Une exposition massive mais sous conditions

L’un des principaux intérêts de cette intégration réside dans la distribution. OpenAI revendique près de 900 millions d’utilisateurs hebdomadaires sur ChatGPT, offrant une visibilité potentielle sans équivalent. Pour SNCF Connect, qui a enregistré 1,6 milliard de visites et 233 millions de billets vendus en 2025, l’enjeu est clair : capter une part de cette audience en amont du parcours d’achat.

Mais cette exposition a un coût stratégique. En s’intégrant à ChatGPT, les marques acceptent de dépendre d’un intermédiaire qui contrôle l’accès à l’utilisateur final. La question n’est plus seulement d’être visible, mais de comprendre comment l’IA sélectionne, hiérarchise et présente les options.

Données, souveraineté et risques pour les entreprises

L’intégration de SNCF Connect dans ChatGPT soulève également des enjeux moins visibles, notamment autour des données. Chaque recherche de trajet, origine, destination, date, préférences, constitue une donnée sensible, surtout dans un contexte professionnel. Or, ces informations transitent par les serveurs d’OpenAI avant d’être transmises à la SNCF.

Pour les directions achats ou les responsables voyages d’affaires, cela pose une question concrète : peut-on utiliser ces interfaces pour des déplacements stratégiques sans exposer certaines informations ?

Le sujet est d’autant plus sensible que le Cloud Act américain permet aux autorités d’accéder à des données hébergées par des entreprises américaines. À ce stade, SNCF Connect n’a pas détaillé les modalités de traitement des données dans ce cadre.

Une expérimentation qui annonce un basculement

Officiellement, SNCF Connect présente cette intégration comme une phase de test, destinée à « mesurer l’intérêt de ce type d’interface ». Une prudence logique, dans un marché encore en construction.
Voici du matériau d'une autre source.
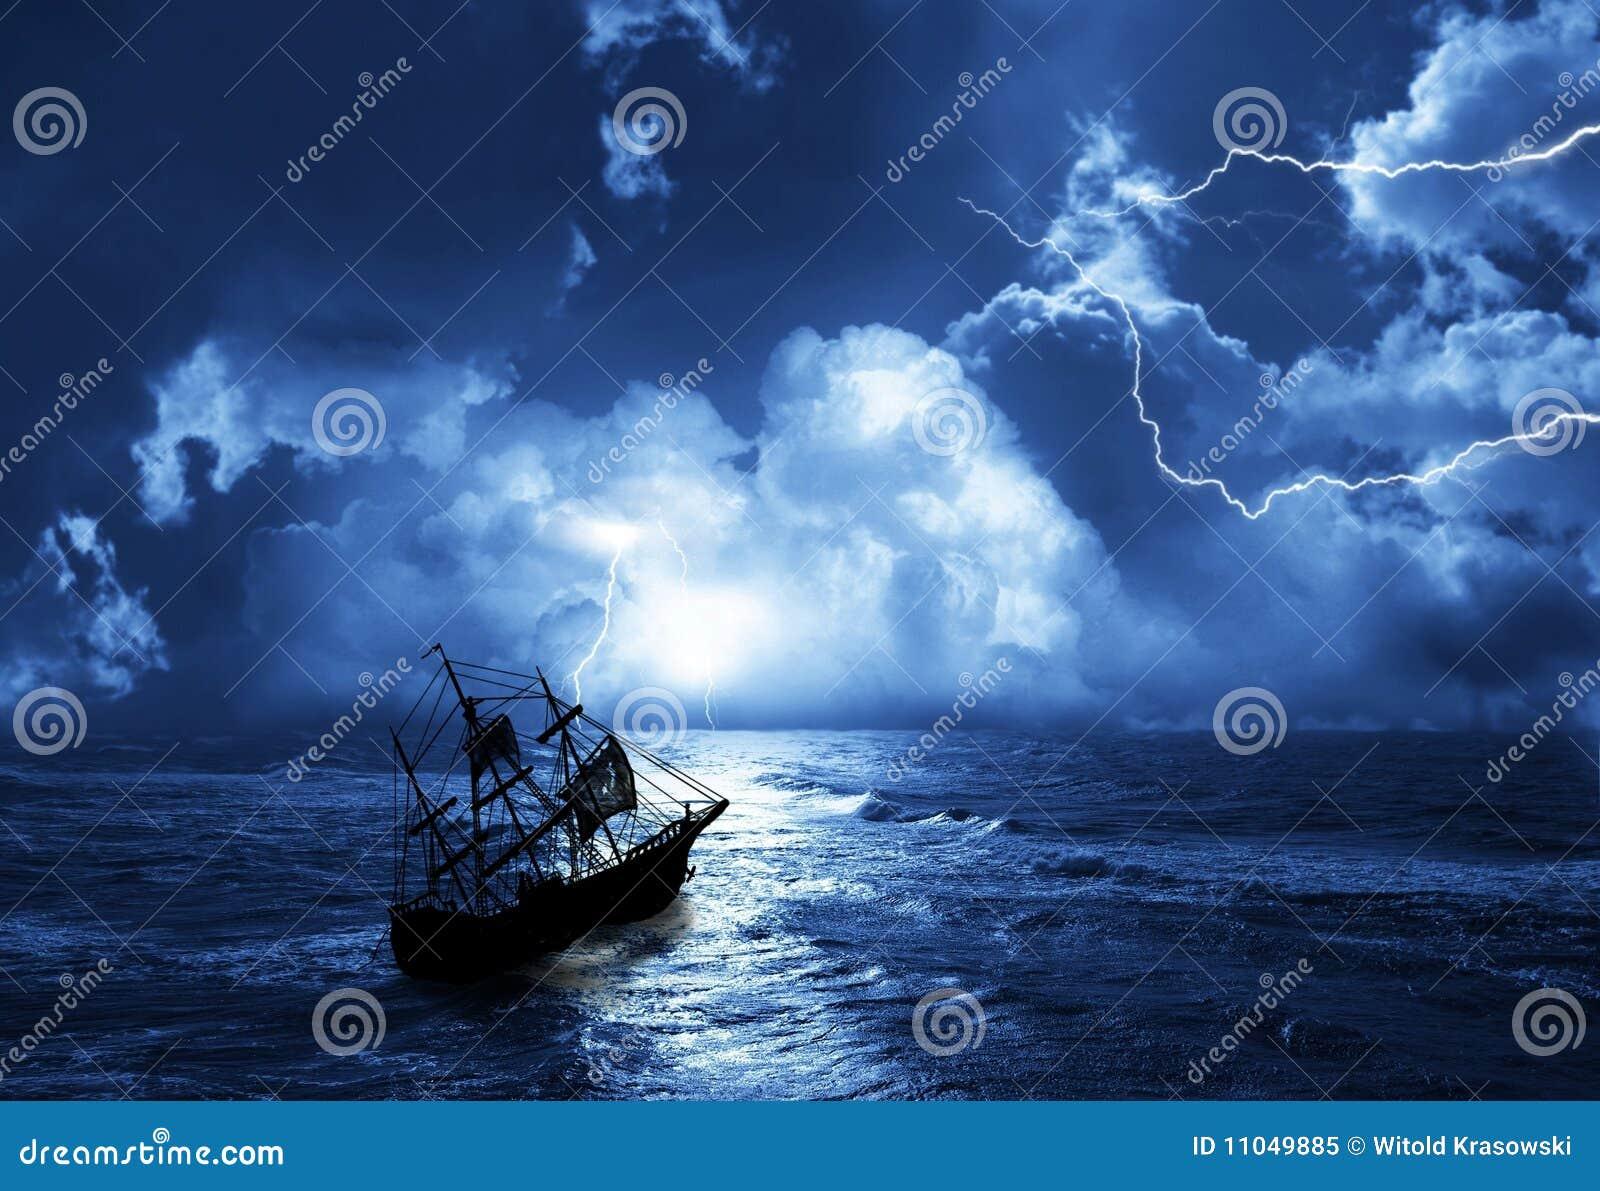 Segeln-versenden Sie in der Zeit des Sturms

Mais dans les faits, le mouvement semble déjà enclenché. Les grandes marques françaises investissent ChatGPT comme elles ont investi Google il y a vingt ans. La différence, c’est que l’IA ne se contente pas de référencer, elle décide en partie de ce qui sera proposé à l’utilisateur.

Ce point fait écho à d’autres initiatives observées dans le retail, notamment l’usage de ChatGPT par Starbucks pour personnaliser et fluidifier le parcours d’achat. Dans tous les cas, l’objectif est le même : réduire la friction entre l’intention et l’action.